Он появился в свете как ни в чем не бывало — весь сверкающий и ликом и регалиями. Ослепительный князь Потемкин, как назвал его принц де Линь, расточал направо и налево улыбки и остроты.
Екатерина была рада его появлению и радости этой не скрывала.
— Вы, князь, выглядите посвежевшим. Общение с монашеской братией, гляжу, благотворно.
— Да, ваше величество, не могу скрыть: святые стены дарят благостыню. Душевное отдохновение превыше всего есть. В коий раз в этом убедился.
— Оставьте нас, — велела Екатерина, — я хочу побеседовать с князем тет-а-тет.
И когда все вышли, спросила с легкой усмешкой:
— Ну что, Гриша, хорошо ли хандрилось?
— Днепр тронулся, и я с ним, — в тон ей отвечал Потемкин. — Тебя, моя благодетельница, видеть захотел, припасть к твоей руке. Равно и обозреть, каково идут приготовления в водному шествию.
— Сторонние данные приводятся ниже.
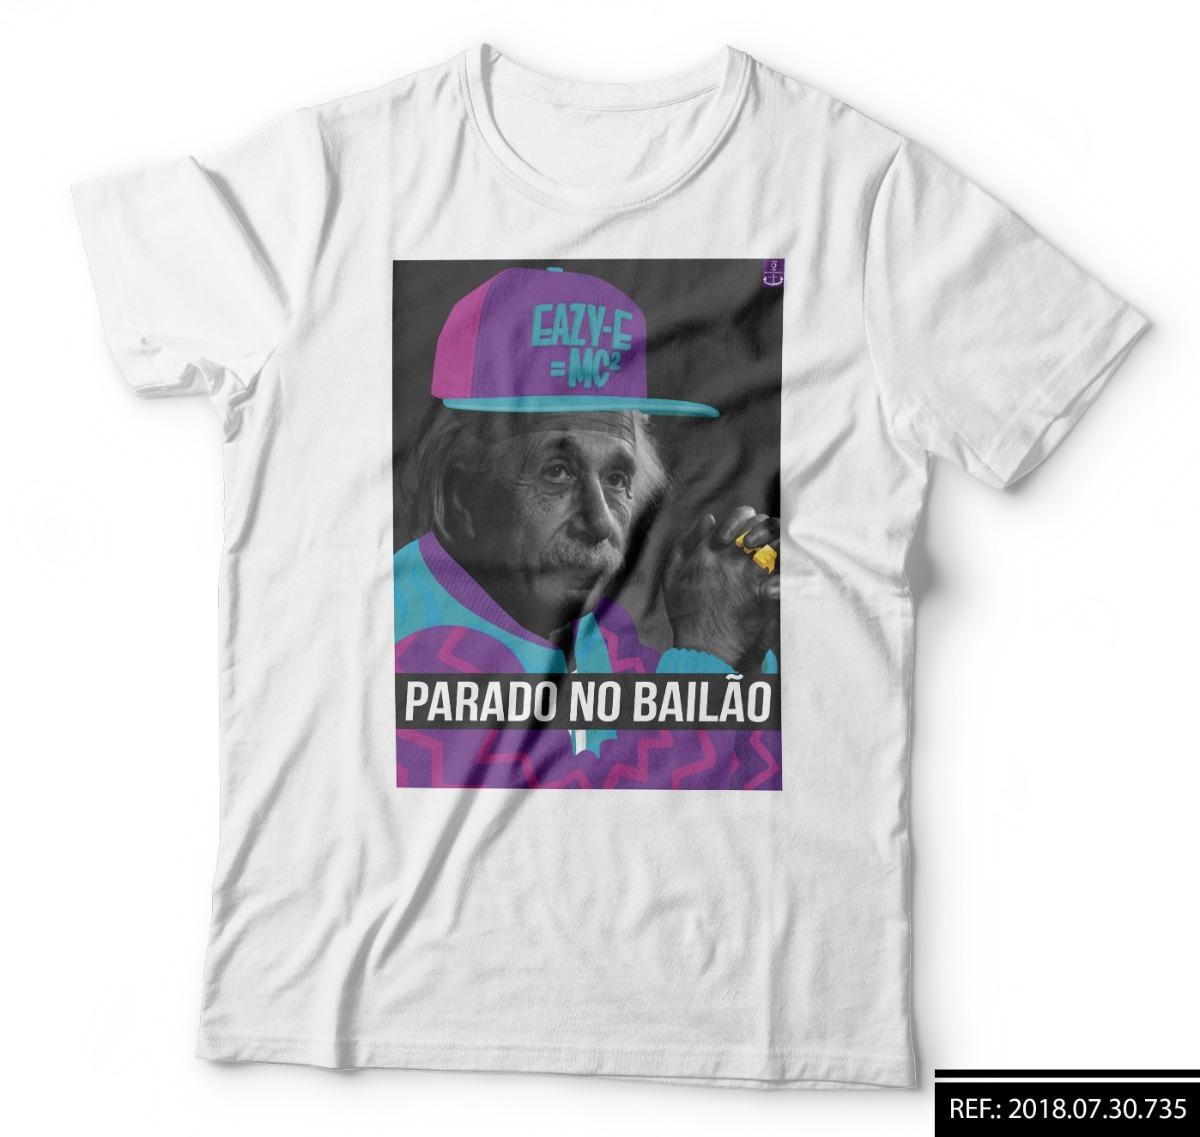 d57aa527f camisa camiseta parado no bailão funk albert einstein. Carregando zoom.

— Что ж дальше-то? — отрезала Екатерина.
— Должно ждать, покуда Днепр очистится да лед сойдет в низовье. Тогда и поплывем. Полагаю, в последних числах апреля. Повсеместно ожидают, государыня-мать, твоего пришествия. Надеюсь, нигде не оплошают, все исполнят по моему велению. А веление мое есть тебя сколь возможно ублаготворить и порадовать.
С какой-то странной жадностью впился Потемкин зрячим глазом в Екатерину. Не то изучая, не то вспоминая. Наконец, словно бы в озарении, радостно промолвил:
— Видел я лик твой, запечатленный в Троицкой надворной церкви в лавре. Ровно чудное видение мне было средь моего заточения.
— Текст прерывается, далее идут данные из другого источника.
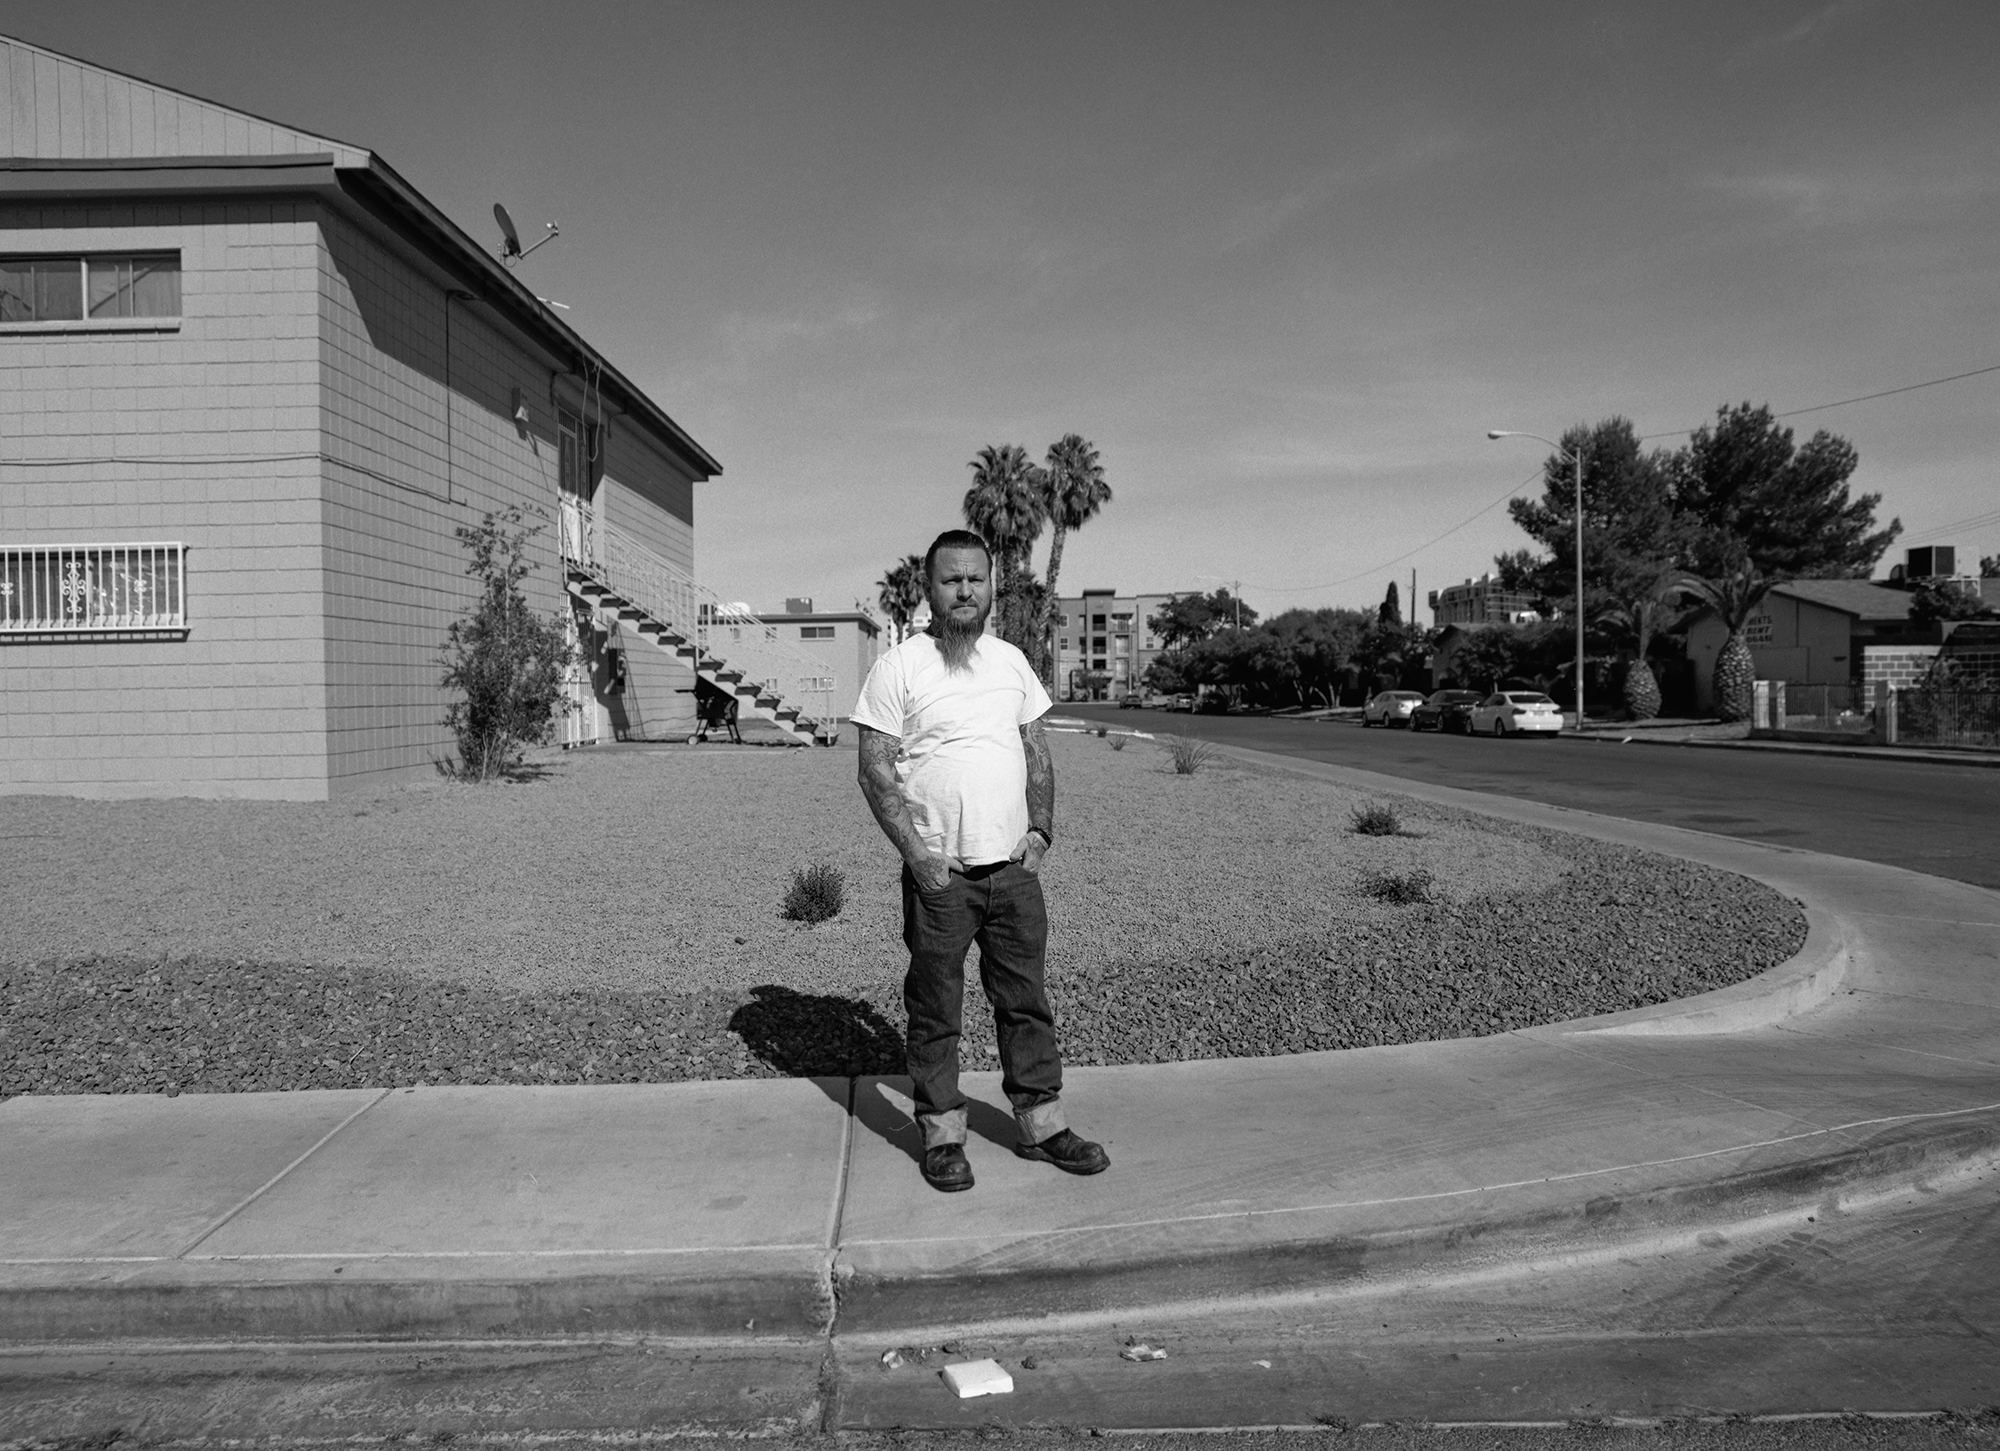 Las Vegas, Nevada |April 2016 {Scanned 120mm B&W Film Negative}

— Не во сне ли, Гриша, я тебе привиделась? — Улыбка тронула губы Екатерины.
— Нет, государыня. Словно с тебя писана Пресвятая Богородица чудным изографом. И ведешь ты жен-праведниц в рай. А праведницы те с дам твоих списаны.
Екатерина разразилась смехом. Глядя на нее, рассмеялся и Потемкин.
— Ох и насмешил ты меня, Гришенька, ну и насмешил! — наконец выдавила Екатерина. — Коли найдешь ты средь моих дам хоть одну праведницу, поднесу тебе кубок из литого золота с бриллиантами. Да и я не Богородица — грехов на мне налипло видимо-невидимо. Сам знаешь. Знаешь и каковы наши дворские.
— Знаю, матушка, как не знать. Да больно схожи все вы на той стенной картине. Будто изограф тот подсматривал.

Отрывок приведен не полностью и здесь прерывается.